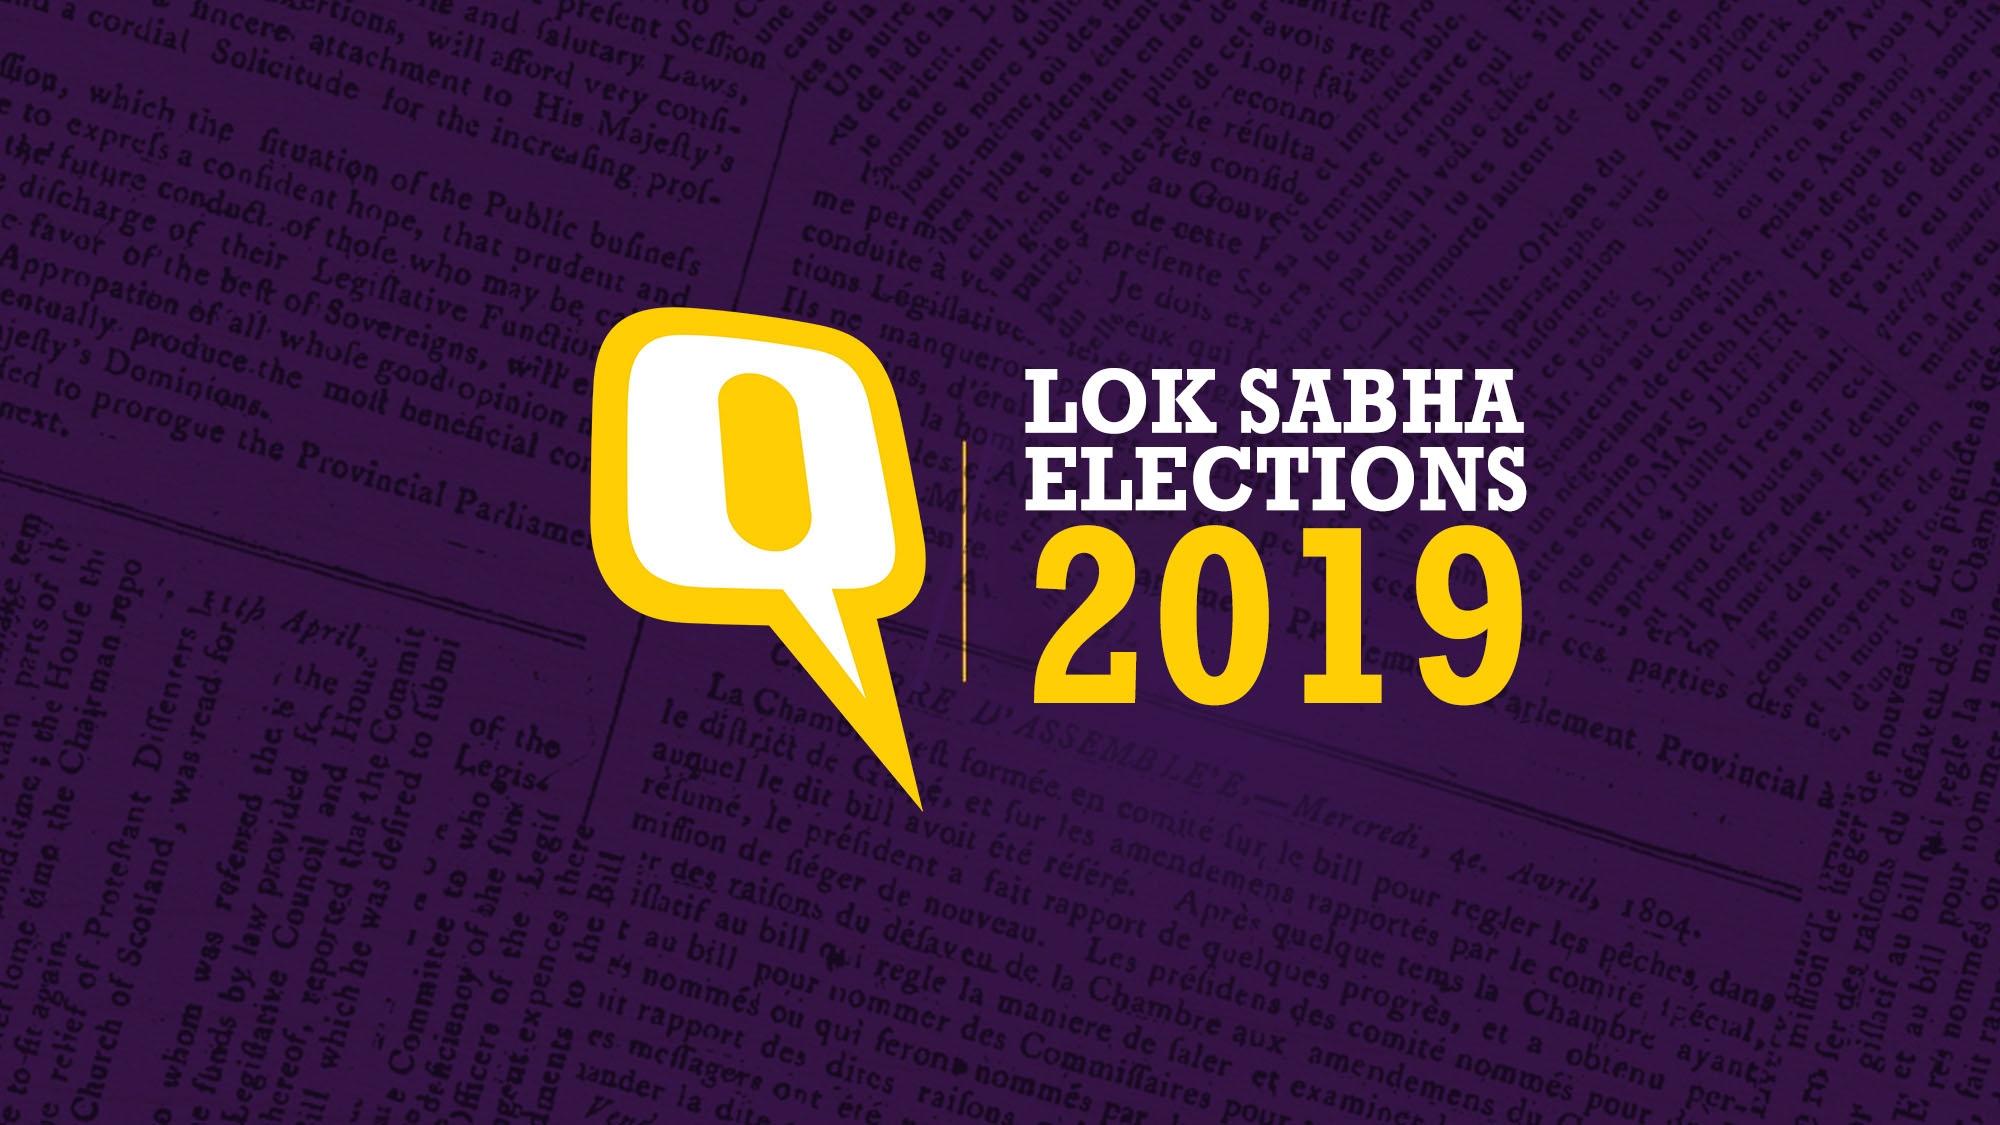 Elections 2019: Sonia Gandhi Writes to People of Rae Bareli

==

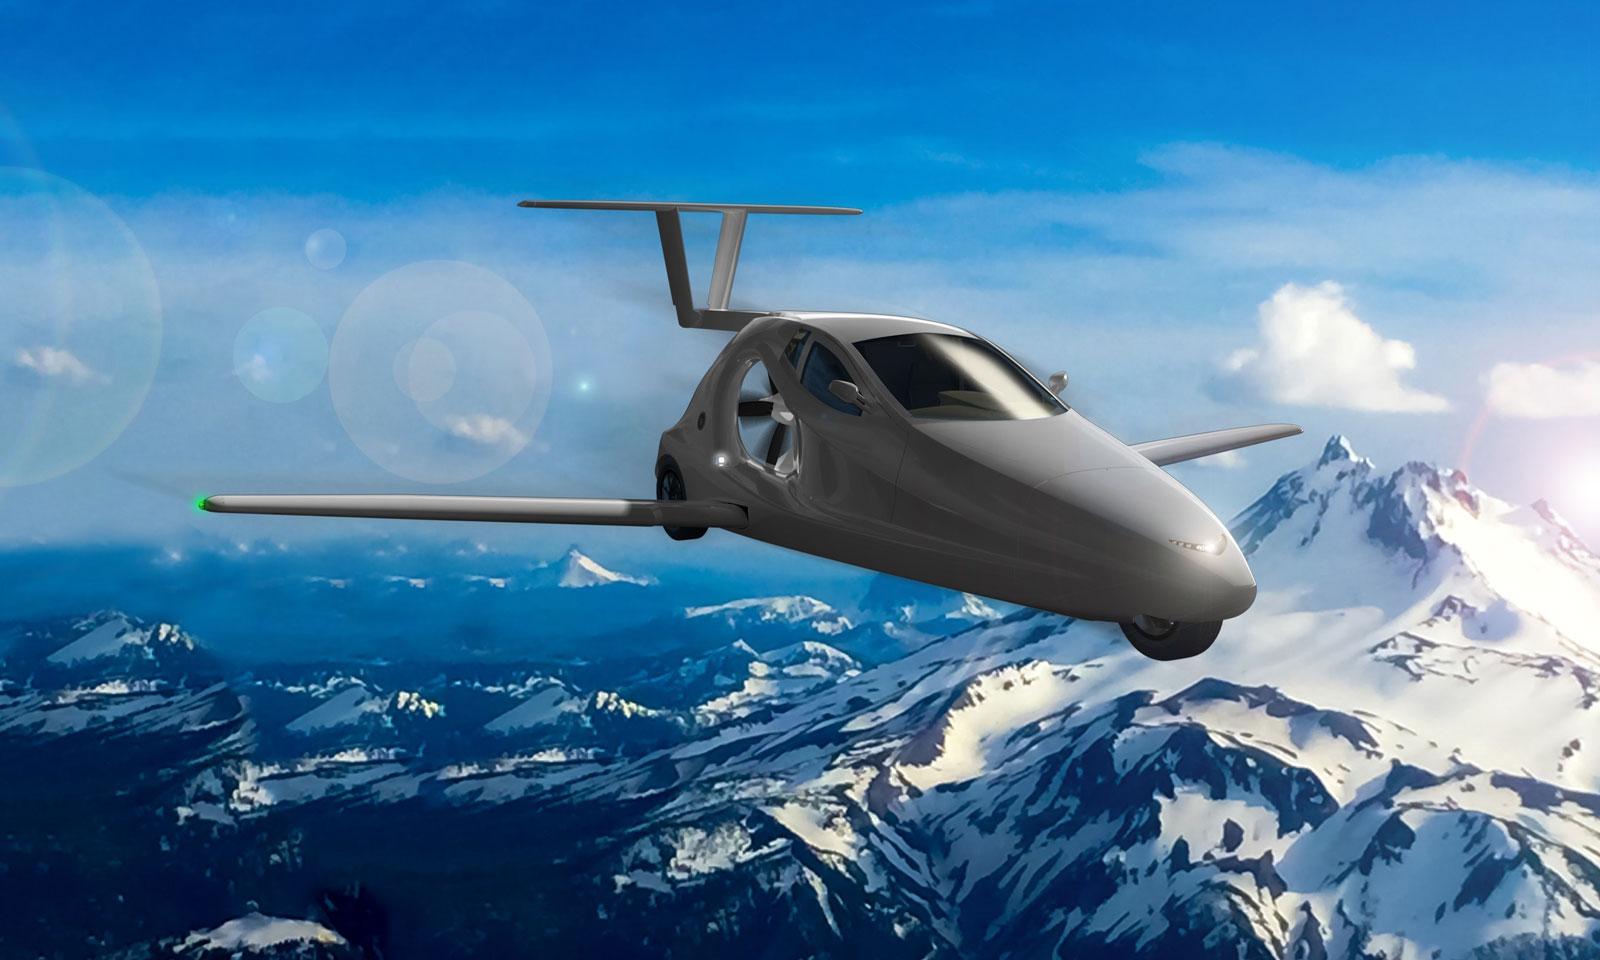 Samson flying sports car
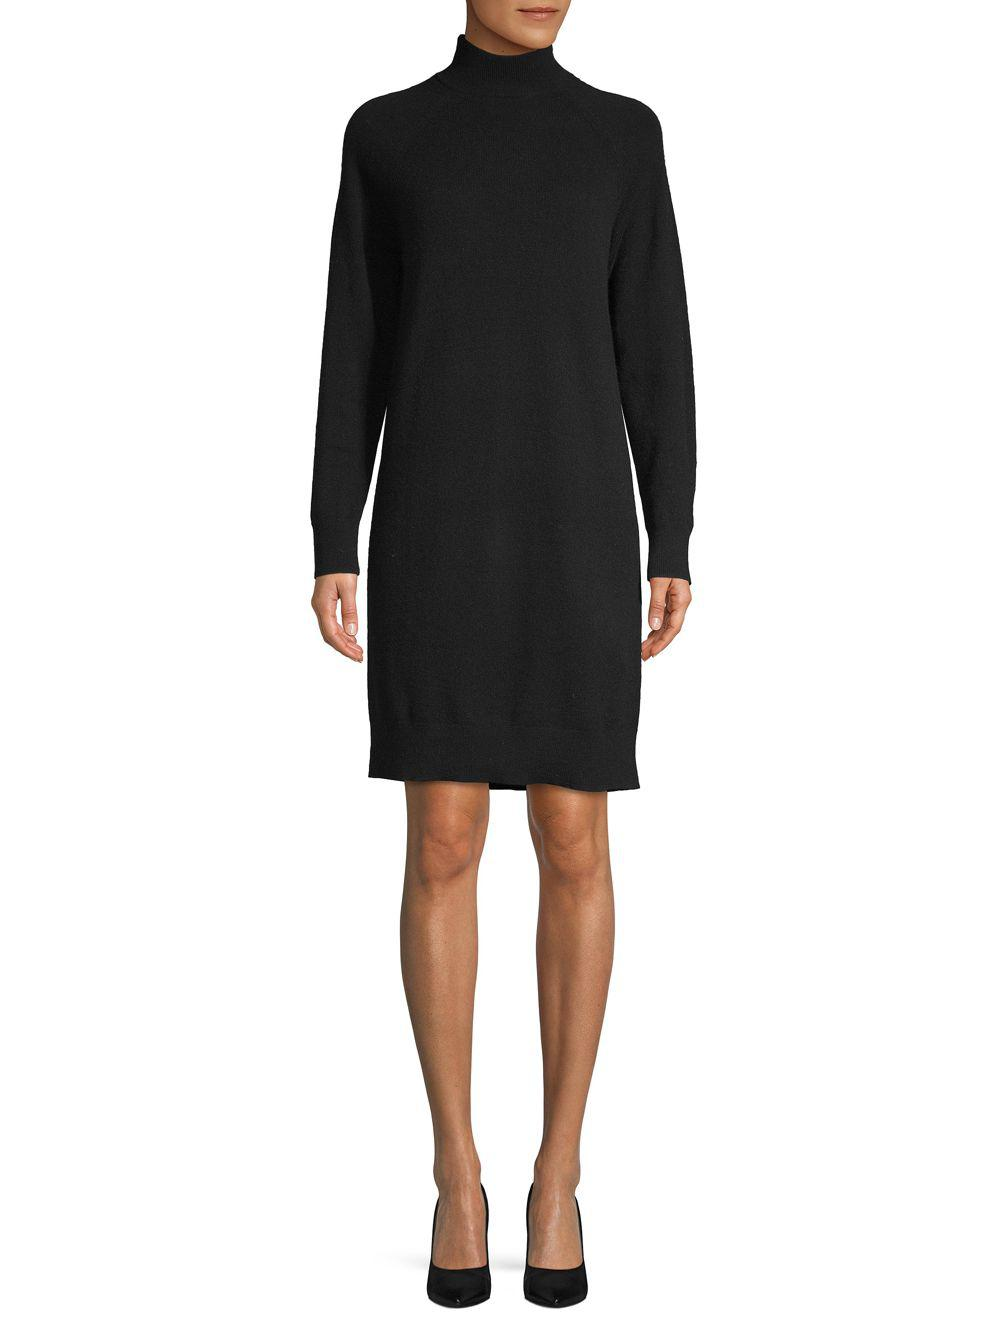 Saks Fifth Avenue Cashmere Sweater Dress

- [Exercise directions]: After locating "Samson flying sports car" and "Saks Fifth Avenue Cashmere Sweater Dress" in the records above, return exactly the line holding each one and every line between them; leave out the pictures.

- [Answer below]:
 Samson flying sports car
 Saks Fifth Avenue Cashmere Sweater Dress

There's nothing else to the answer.